__INSTRUCTIONS TO FOLLOW__: Among the entries below, find the line with "Masculina ... e8356d0d3a486", then quote it and each following line up to and including the line with "quantum-collage-phoenix-whisper-artist-duo-ingress-vortices.jpg", and nothing else.

__EXERCISE INPUT__:
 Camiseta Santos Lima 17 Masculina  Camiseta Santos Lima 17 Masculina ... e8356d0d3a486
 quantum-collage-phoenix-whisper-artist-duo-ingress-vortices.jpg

--

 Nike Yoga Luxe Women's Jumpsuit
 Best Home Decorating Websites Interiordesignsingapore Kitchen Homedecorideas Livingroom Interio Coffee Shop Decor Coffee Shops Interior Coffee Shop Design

...

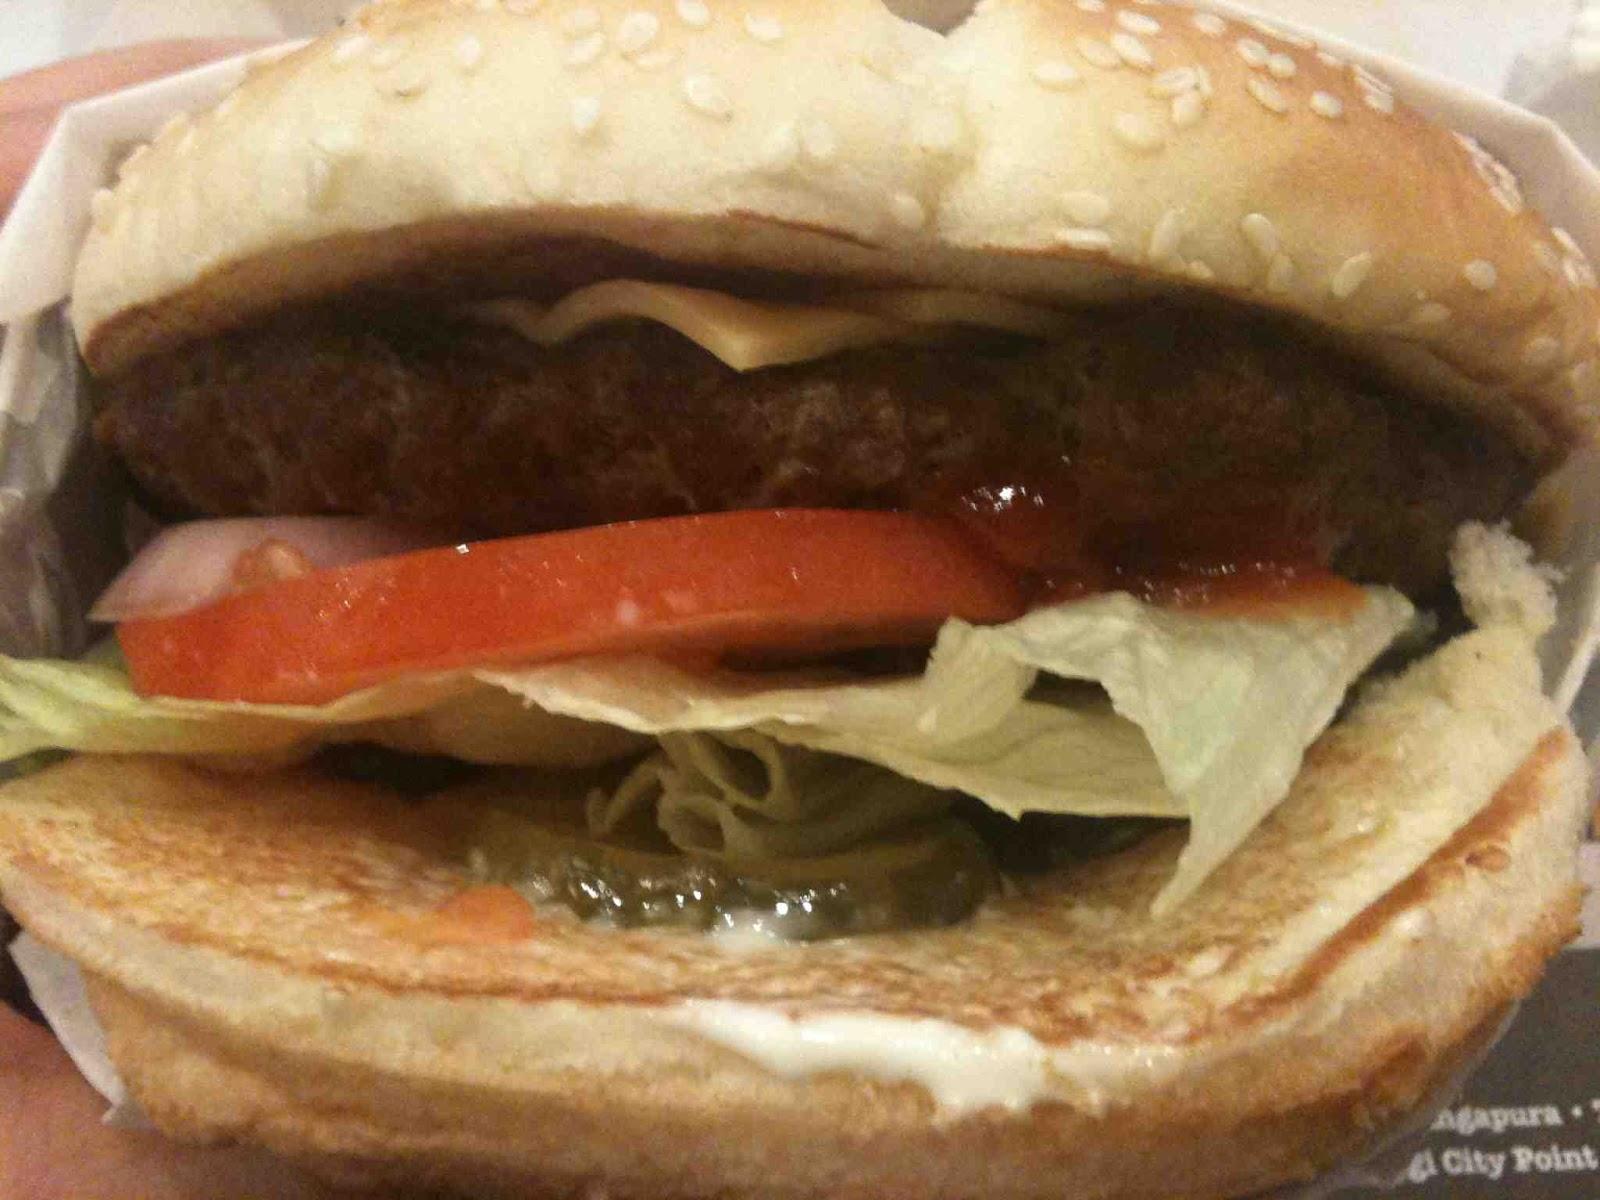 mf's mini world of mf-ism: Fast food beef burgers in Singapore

__TASK SOLUTION__:
 Camiseta Santos Lima 17 Masculina  Camiseta Santos Lima 17 Masculina ... e8356d0d3a486
 quantum-collage-phoenix-whisper-artist-duo-ingress-vortices.jpg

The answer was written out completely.